MATERIAL SHOWN -
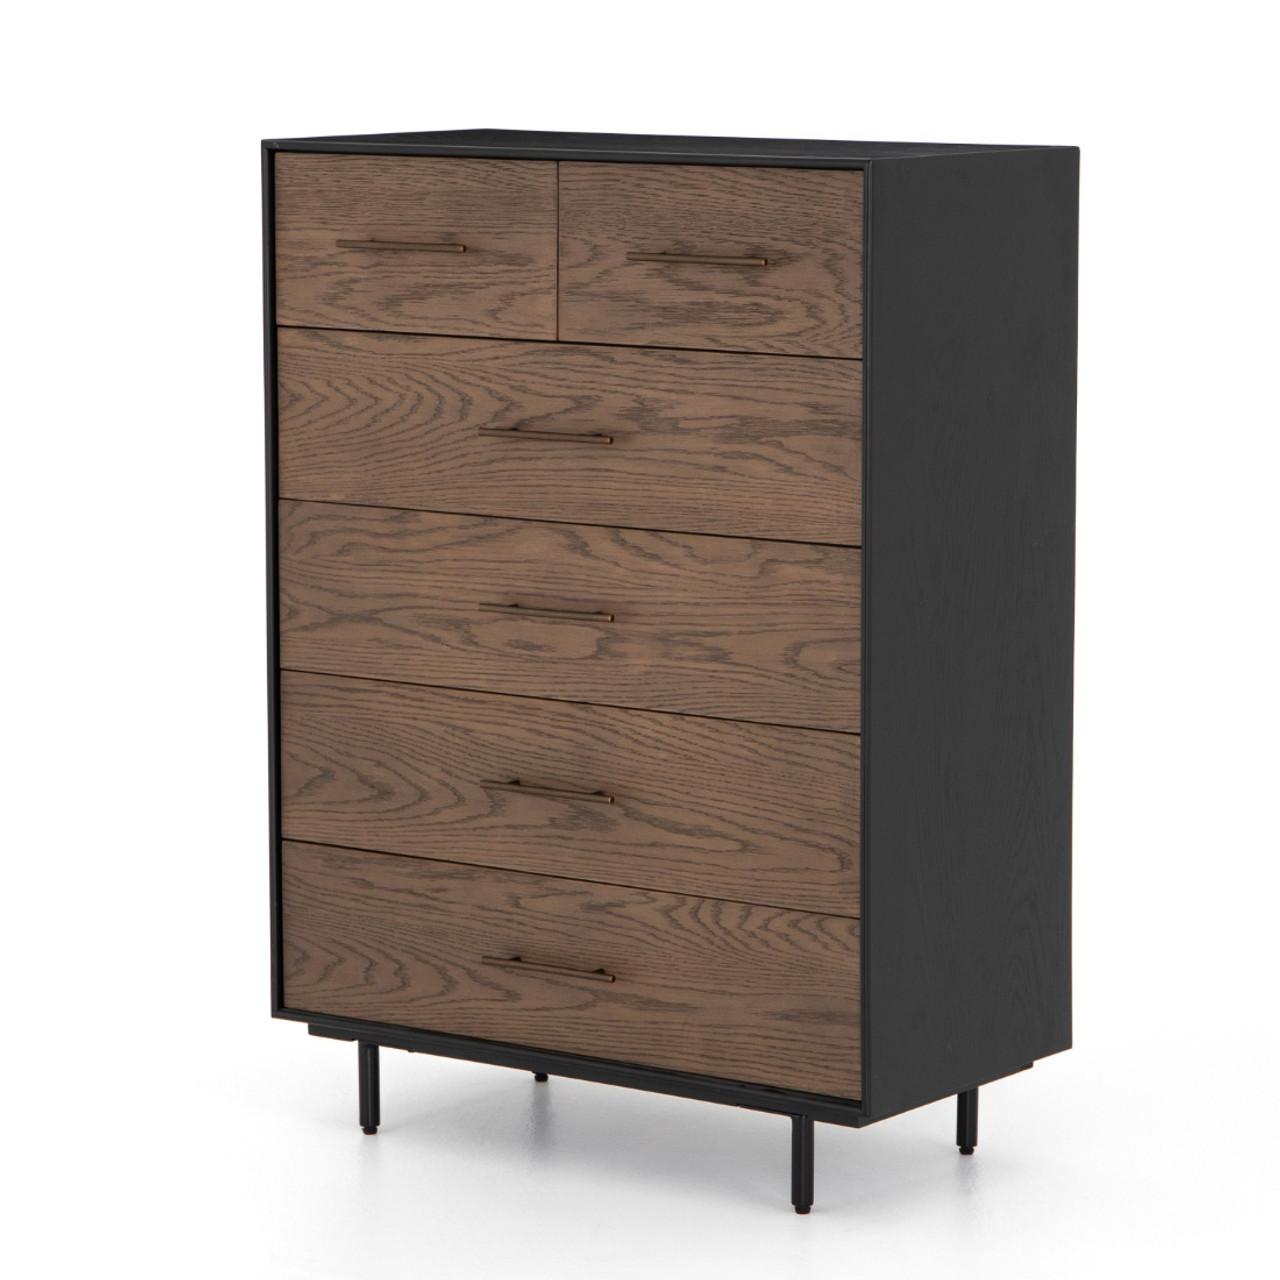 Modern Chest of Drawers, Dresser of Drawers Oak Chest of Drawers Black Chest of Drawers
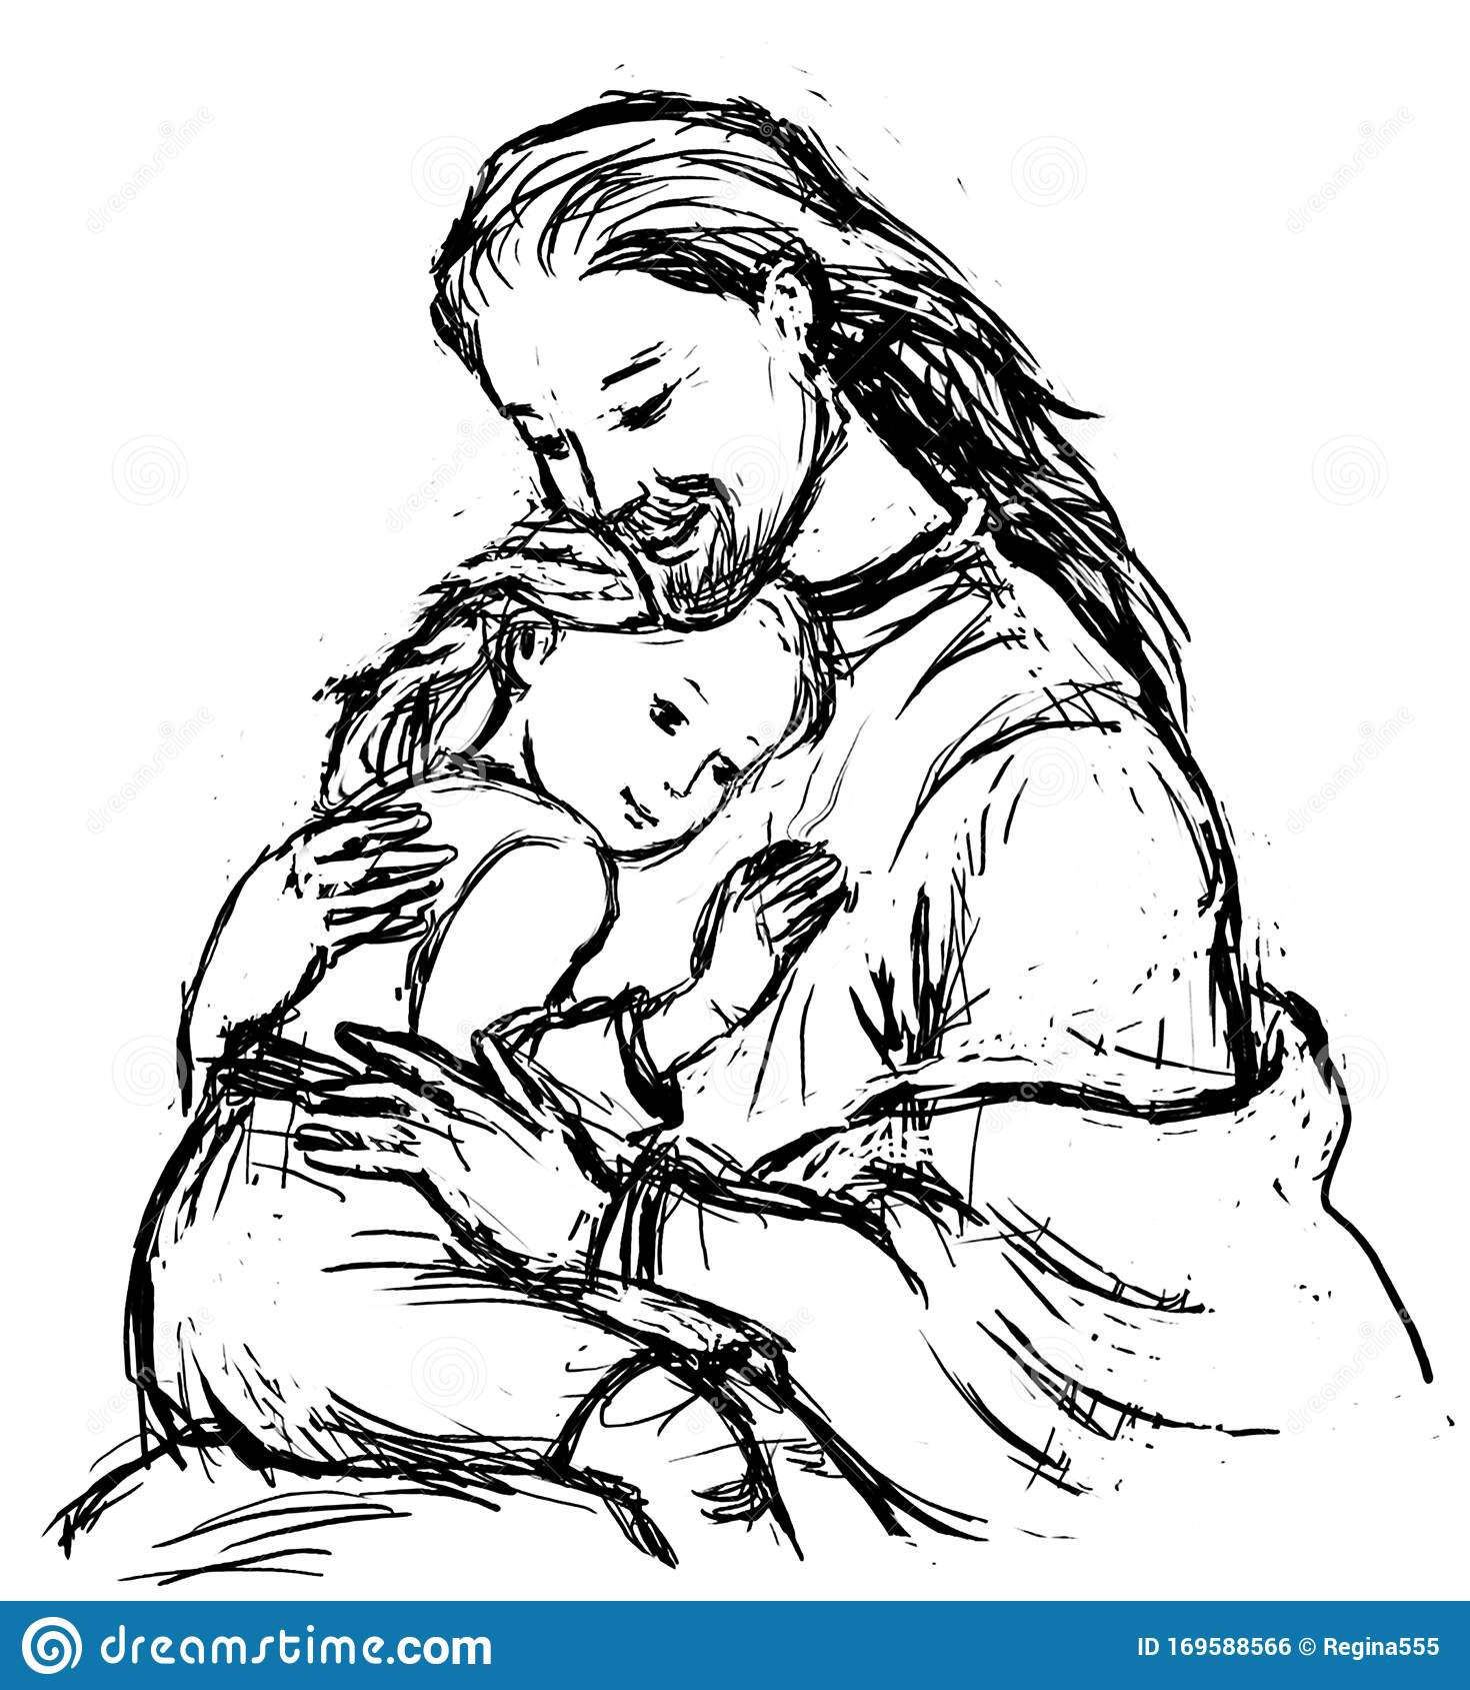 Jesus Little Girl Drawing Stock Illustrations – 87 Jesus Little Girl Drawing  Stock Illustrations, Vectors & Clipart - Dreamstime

...

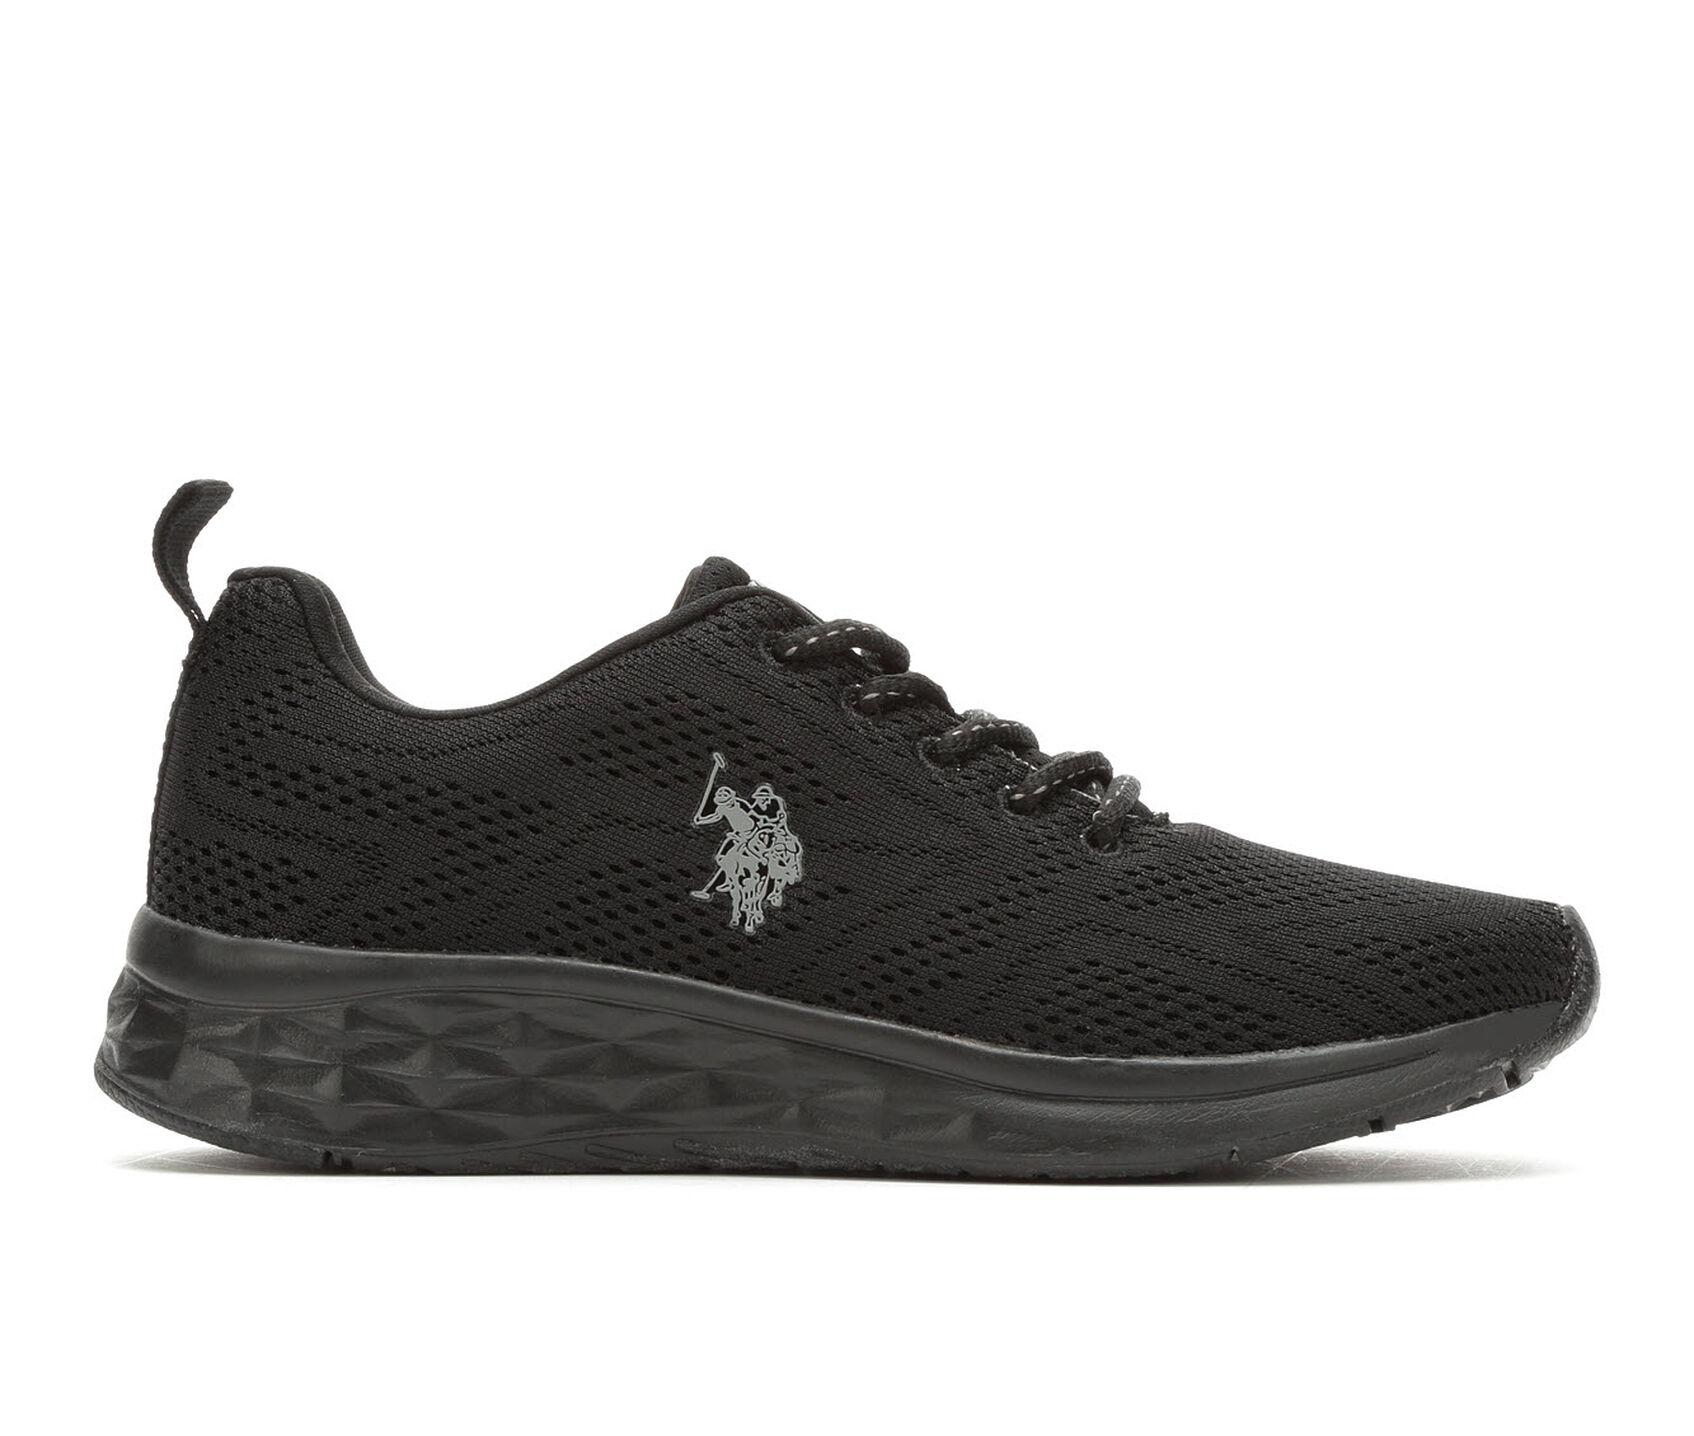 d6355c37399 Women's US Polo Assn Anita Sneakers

--

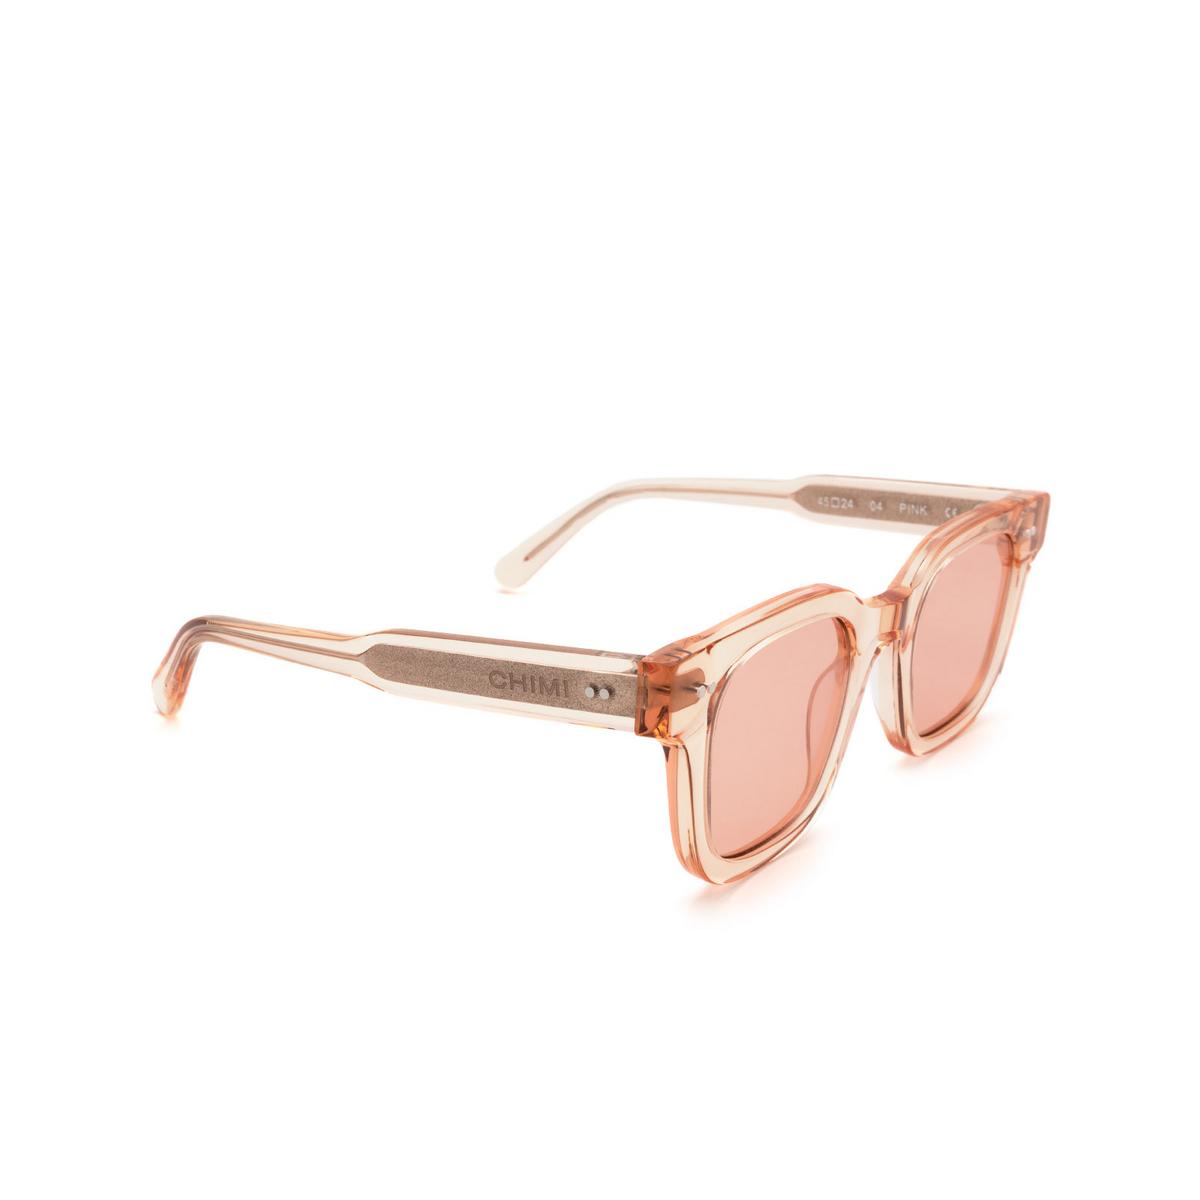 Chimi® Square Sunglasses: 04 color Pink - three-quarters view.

WORK ITEM - In the listing above, find the line with "Modern Chest of" and the line with "Jesus Little Girl Drawing Stock". Copy exactly those two and every line between, without the pictures.

YOUR SOLUTION -
 Modern Chest of Drawers, Dresser of Drawers Oak Chest of Drawers Black Chest of Drawers
 Jesus Little Girl Drawing Stock Illustrations – 87 Jesus Little Girl Drawing  Stock Illustrations, Vectors & Clipart - Dreamstime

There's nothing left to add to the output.